Ce qui est plus surprenant, c’est de voir le vendeur parler de Marijac. Grand prix de la ville d’Angoulême 1979, il est sans doute le moins connu des lauréats, c’est pourtant quelqu’un de réellement important. Auteur de bande dessinée, résistant, autour des Trois mousquetaires du maquis, Marijac a une activité de scénariste et d’éditeur, à travers l’important journal Coq hardi. Et justement, si Coq hardi est un journal clairement résistant, comme Vaillant, il est aussi clairement gaulliste, et financé à sa création par le MNL.

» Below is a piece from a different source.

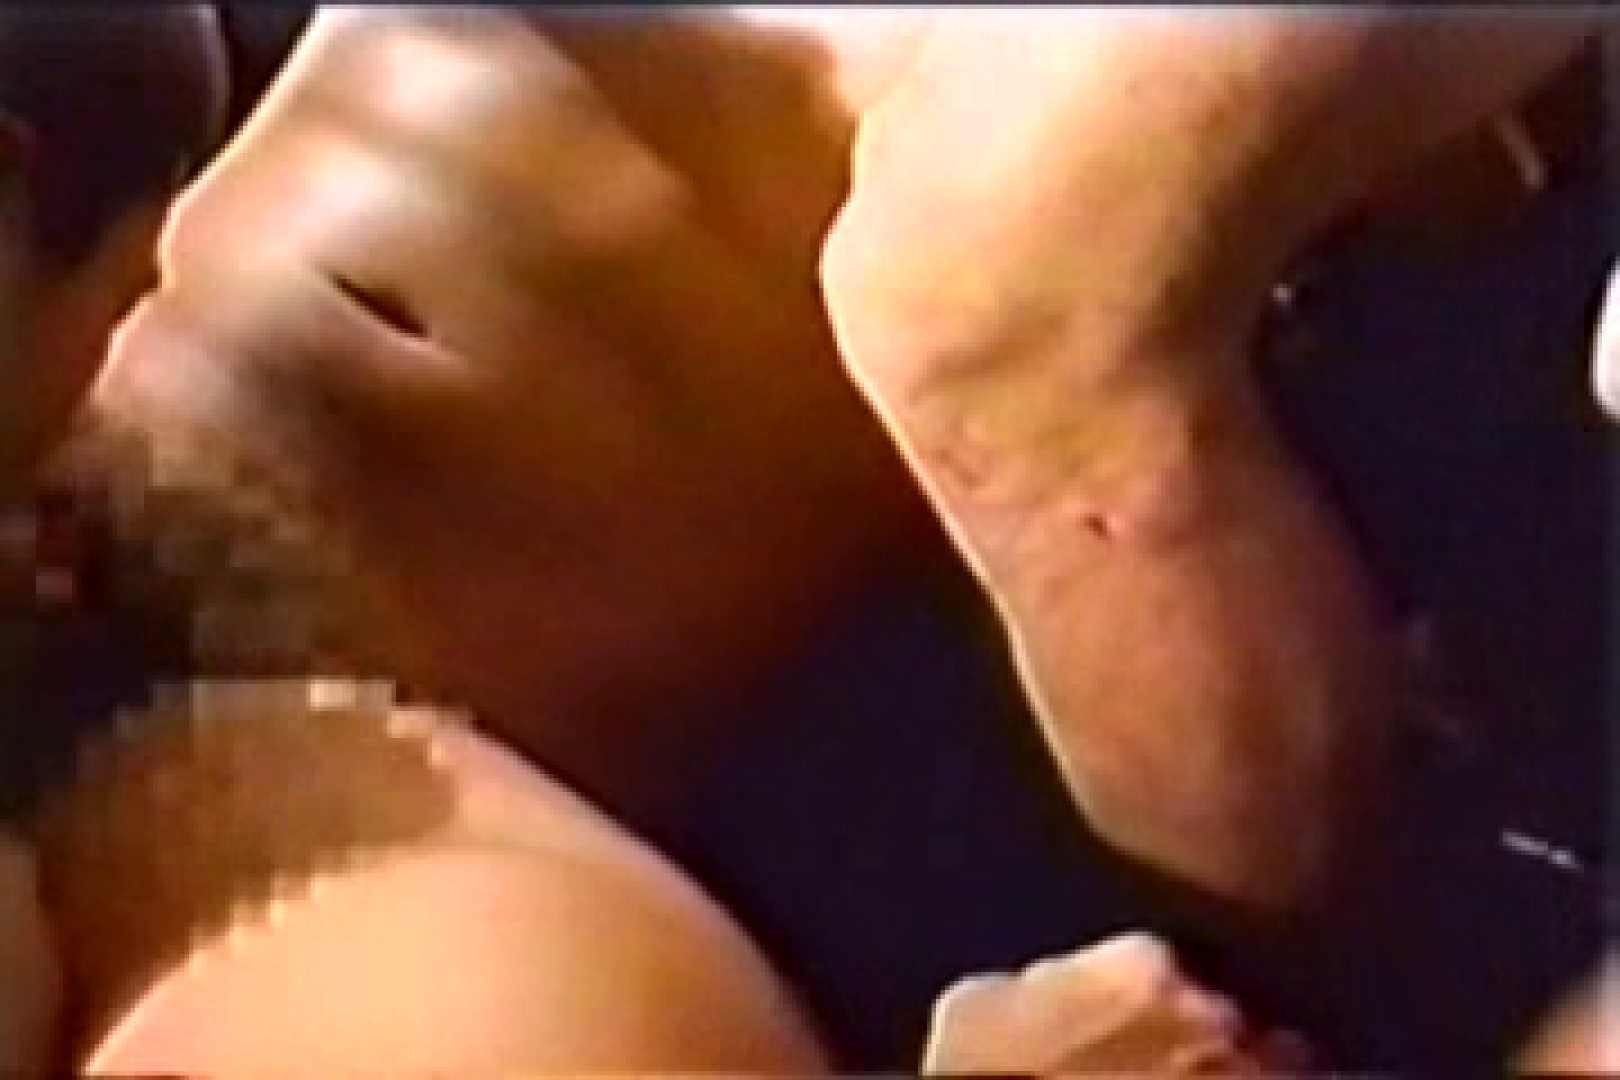 俺たち痴態思考!!vol.02 お掃除フェラ ゲイ無修正ビデオ画像 97pic 96

Puisqu’il s’agit a priori d’un vendeur d’occasions, pourquoi pas, on peut imaginer qu’il fasse découvrir à ce grand ado fan de BD un tas de vieux papiers dessinés des années 60. Donc pourquoi pas Marijac, et tant pis pour l’idéologie ! On dira qu’il y a prescription pour ce bouquiniste qui amenait les idées gaullistes au sein des fêtes communistes, cela reste amusant de se dire que Sfar s’amuse de la licence d’aller chez les coco, ce qui énerve son père, pour qu’on lui parle d’un auteur gaulliste par excellence.
Cela étant, en termes de flexibilité idéologique, Poïvet n’était pas le dernier. Outre sa participation au journal collabo Le Téméraire (avec des planches a priori peu idéologisées contrairement à Liquois ou Erik – dont la série sera pourtant reprise sous un autre nom dans Coq hardi !), et sa participation très active à Vaillant puis PifGadget, il a aussi participé à Coq hardi en dessinant Colonel X, scénarisé par Marijac, en 1947 Médioni nous apprend même que l’atelier de Poïvet se trouvait au-dessus des locaux de Coq hardi. C’est sans doute ce héros, qui reste un Résistant, un homme porteur de valeurs qu’un communiste peut apprécier, l’attache étant moins sensible des années après la mort du Général, que notre vendeur présentait au jeune Sfar. On lui pardonnera donc son incartade.
Coq Hardi n° 54, avril 1947. Début d’une aventure du Colonel X…
PS : la possibilité que Sfar ait mis un mot de grand auteur ancien un peu hasard, par réminiscence de la collaboration Poïvet/Marijac, est aussi envisageable. C’était l’occasion un peu de tout ça.